In Caroline Springs, not everyone is convinced. There, where some home invasion victims sleep with weapons beside them, they’ve heard talk about gangs targeting homes with gun collections. Ashton admits the suburb needs more police resources, though he says local officers have worked “damn hard” to reduce offending rates.

A heavy police presence responded during the riots. Picture: Yuri Koluzmin
A heavy police presence responded during the riots. Picture: Yuri Koluzmin

Chatter still turns to the Summersault Festival several weeks ago, when officers appeared powerless to stop dozens of youths from surging through a crowd to steal phones and handbags.

One resident speaks of being burgled about a year ago. He was upstairs at the time, asleep with his wife and two young kids. Police warned him that the thieves may return — and they did, two nights later, to be scared off when he screamed.

He has since bought a 65kg dog and taken self-defence classes. At the park the other day, he shied from African kids. He shudders at the racial profiling that dictates his fear. There’s been unexpected benefits, he says — fear has brought neighbours together. And he counts his family — afraid yet unharmed — among “the lucky ones”.

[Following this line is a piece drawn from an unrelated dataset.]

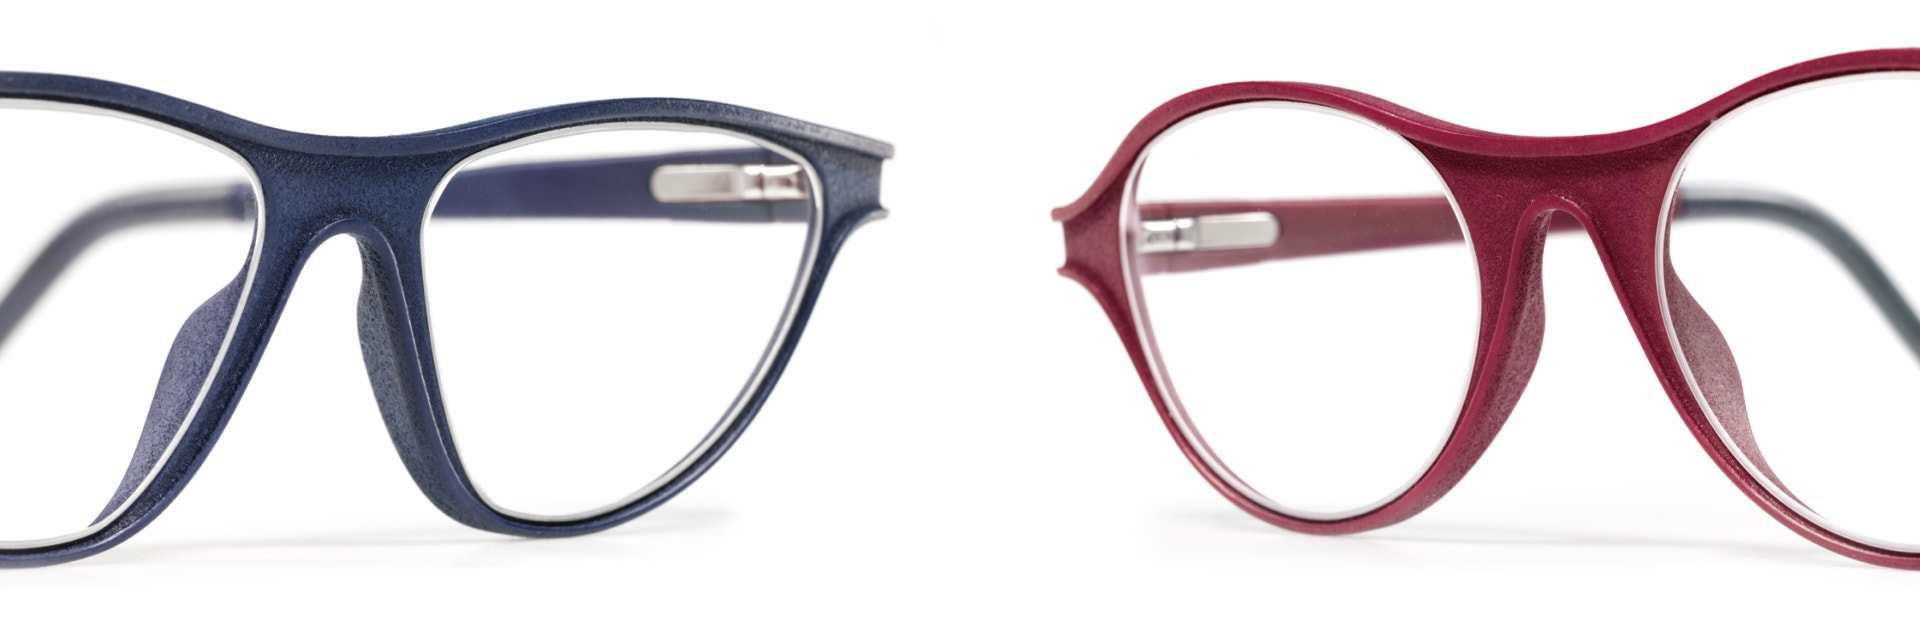 Luxura 마감 처리된 3D 프린팅 안경테 두 쌍, 청바지 블루와 라즈베리 레드

Davies believes the random barbarity of youth gangs has ingrained a thinking unique to Victorians. “Is that what we’ve become?” he says. “Is that now the measure of what the community of Victoria is all about, the pot luck of going to sleep and not having something happen to you overnight?”

Victorians can rest better knowing that one Moomba rioter cannot be there again this year. He used up judicial reprieves to terrorise Ormond residents in April, and to evade police in a chase ending on the West Gate Bridge in November.

Last week, he was sentenced to 12 months in youth detention. His rap sheep is blotted with armed robberies and assaults. He embodies a cycle of offending that Ashton describes as leading to a lifetime on the “public purse, being fed in prison”.

Yet for now at least, this “child” has finally faced consequences for his crimes that allows Victorians to feel a little bit safer.